2. For more complicated tasks it requires good prompting. Example: Tell me three ways to fix this error, then pick the best way and implement it. <paste error> <paste relevant code>. Without the "step-by-step" approach it almost never works.

3. It's pretty good at writing microbenchmarks for C++. They always compile, but require some editing. I use the same prompting approach as (2.) for generating microbenchmarks.

4. It's pretty useful for explaining things to me that I then validate later via Google. Example (I had previously tried and failed to Google the answer): The default IEEE rounding mode is called "round to nearest, ties to even". However all large floating point numbers are even. So how is it decided whether 3,000,003 (which is not representable in fp32) becomes 3,000,002 or 3,000,004?.

5. It can explain assembly code. I dump plain objdump -S output into it.

The main limitation seems to be UI. chat.openai.com is horrible for editing large prompts. I wrote some scripts myself to support file-based history, command substitution etc.



But 3000003 is exact in fp32, as well as it is 3000002.5, 3000002.75 before it or 3000003.25, 3000003.5, 3000003.75 after it?

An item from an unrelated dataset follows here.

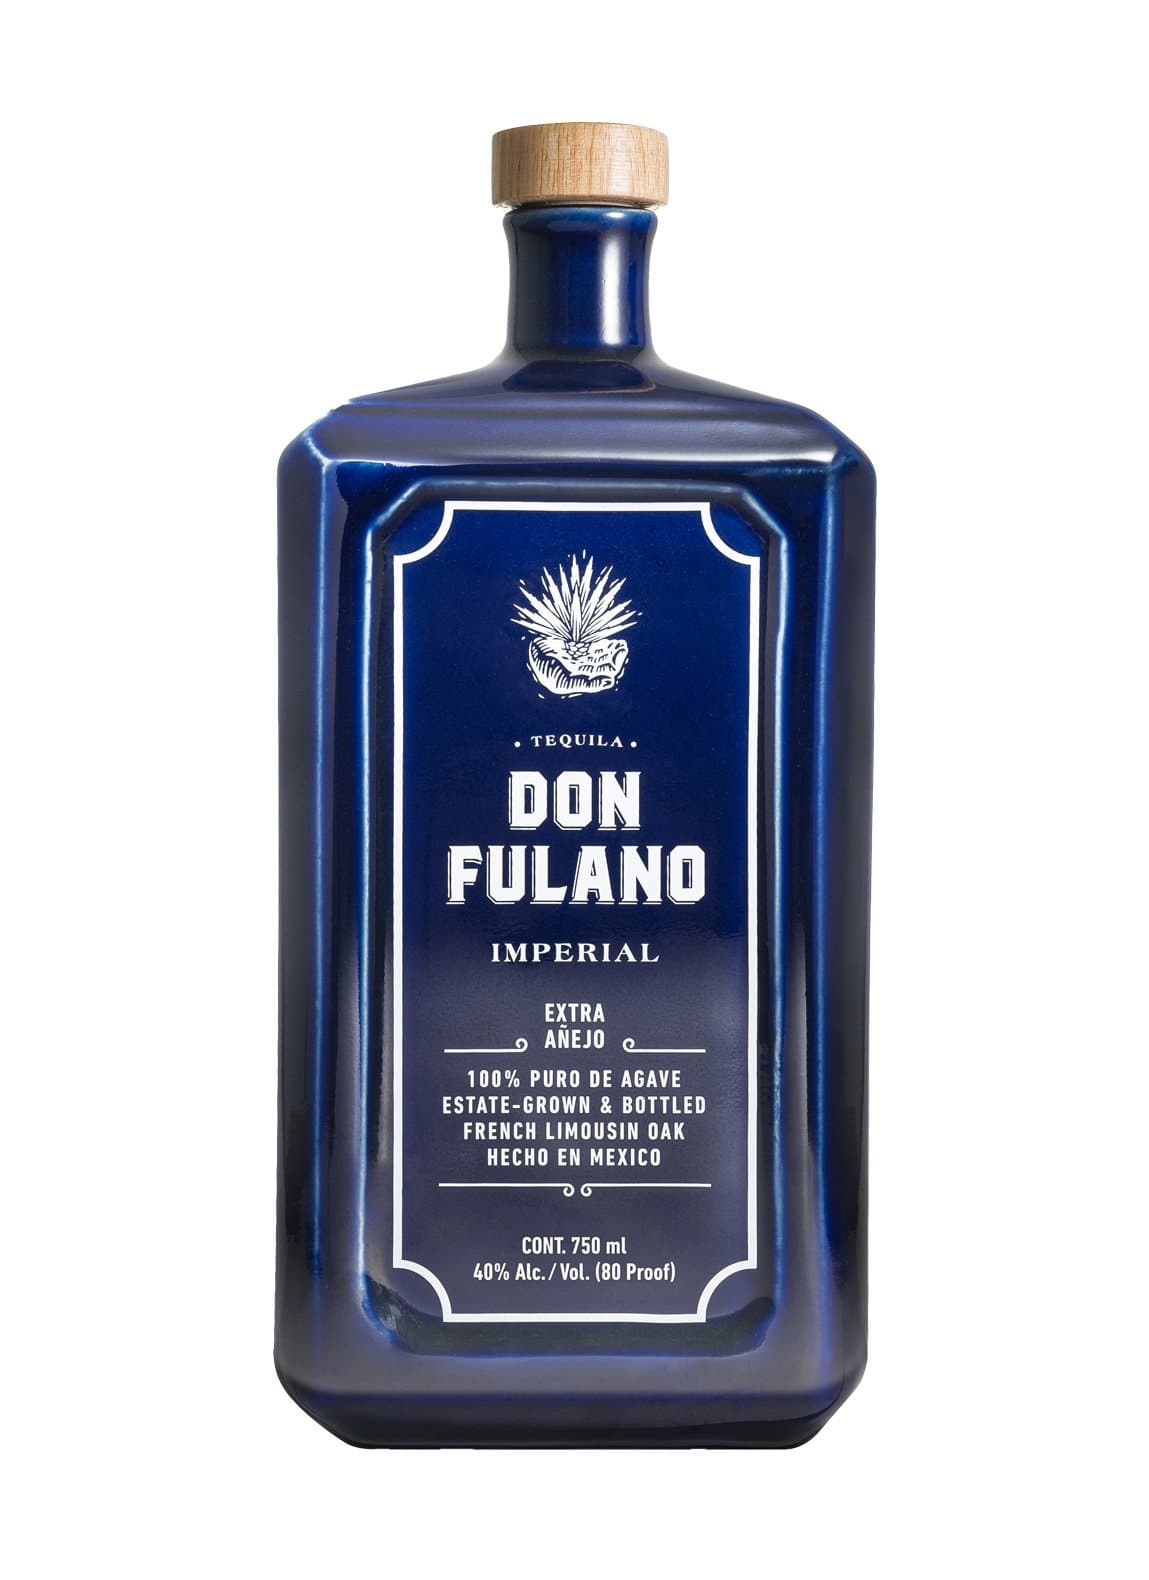 Don Fulano Imperial Extra Anejo Tequila 40% 700ml | Tequila | Shop online at Spirits of France

https://www.h-schmidt.net/FloatConverter/IEEE754.html

And AFAIK the LLMs, lacking the ability to actually calculate, can't check which numbers are such?


Ha, you're right. I should've used 30,000,000. The answer it gave regarding how to do "ties to even" was still correct though: "Evenness" is decided by the least significant bit of the mantissa, not be the "evenness" of the decimal representation.